- Theatrical release poster
- Directed by: Matt Mochary Jeff Zimbalist
- Produced by: Ravi Anne
- Cinematography: Kelly Mark Green Matt Mochary Jeff Zimbalist
- Edited by: Jeff Zimbalist
- Music by: Force Theory Michael Furjanic Neill Sanford Livingston
- Distributed by: HBO/Cinemax Documentary THINKFilm VOY Pictures
- Release dates: April 24, 2005 (Tribeca Film Festival); June 2, 2006 (United States);
- Running time: 80 minutes
- Countries: Brazil United States
- Language: Portuguese

= Favela Rising =

2005 film directed by Matt Mochary, Jeff Zimbalist

Favela Rising is a 2005 documentary film by American directors Jeff Zimbalist and Matthew Mochary. It was produced by Sidetrack Films and VOY Pictures. It debuted at the Tribeca Film Festival on April 24, 2005, where it won the award for Best New Documentary Filmmaker for Zimbalist and Mochary. The film's look at life in Brazil's slums won it further awards such as Best Documentary Film from the New York Latino Film Festival and Best Feature Documentary from Big Sky Documentary Film Festival. The film has won over twenty-five international festival awards and was short-listed for an Oscar.

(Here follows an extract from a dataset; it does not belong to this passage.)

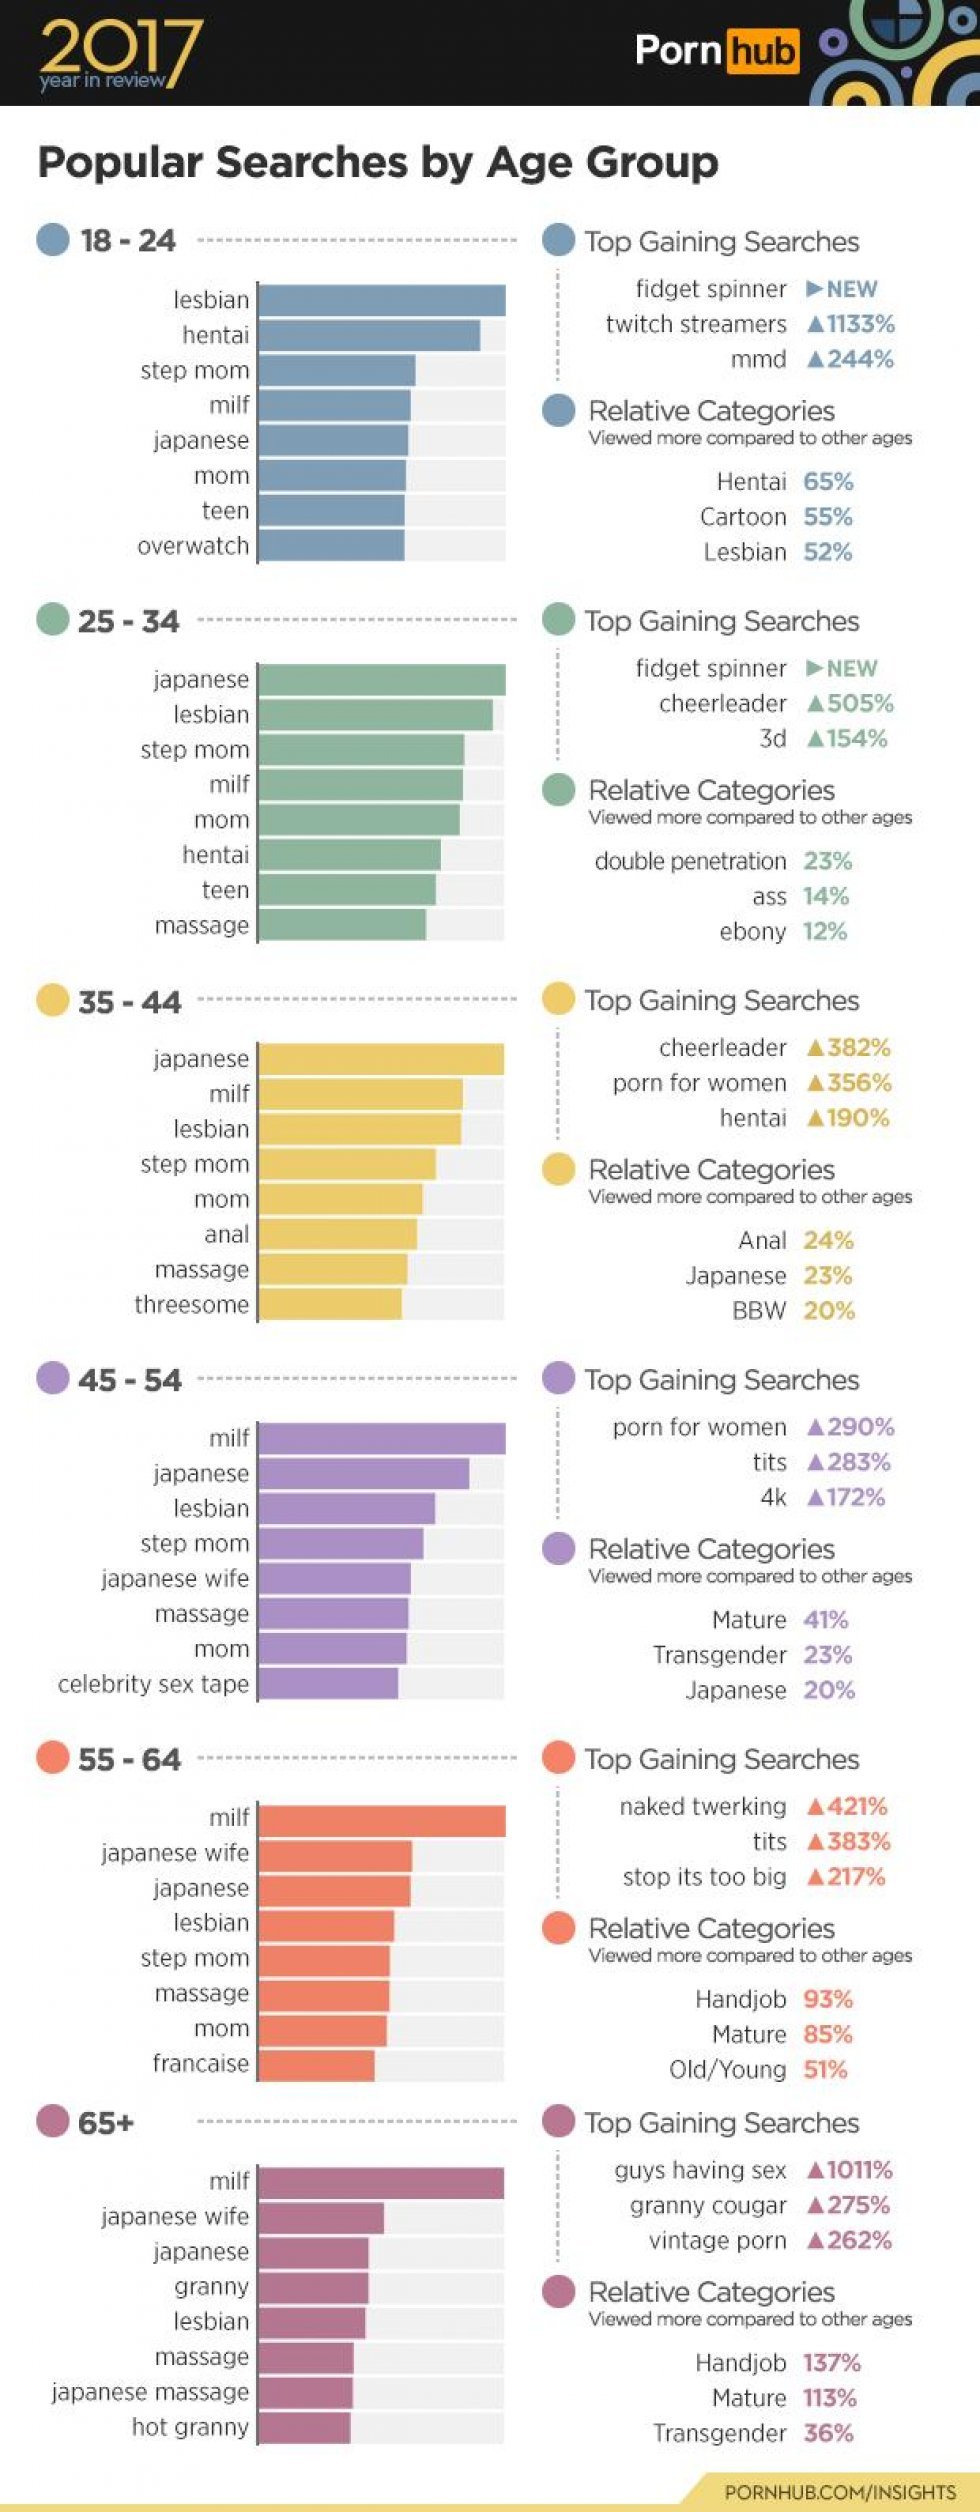 Pornhub offentliggør mest brugte søgeord fordelt på alder

The film focuses on the work of Anderson Sá, a former drug trafficker who establishes the grassroots movement AfroReggae. The group, Grupo Cultural AfroReggae (AfroReggae Cultural Group), was initially intended to draw in adolescents interested in a number of musical genres. These genres include, but are not limited to soul, reggae, rap, and hip-hop. Early on, Grupo Cultural AfroReggae offered a different type of education to the youth it attracted. This education included workshops focusing on dance, recycling, football, percussion, and more. The group aims at using music and education to better the lives of youth and prevent further growth of gangs. Grupo Cultural AfroReggae believes that through education, there is a greater likelihood that adolescents will not get caught up in drugs and gang violence.

==Reception==
On review aggregator website Rotten Tomatoes, the film holds an approval rating of 68% based on 19 reviews, with an average rating of 7.1/10. The website's consensus reads: "Frustratingly flawed yet ultimately uplifting, Favela Rising offers an engrossing -- and sobering -- glimpse of a culture that's far more complex than many viewers might realize."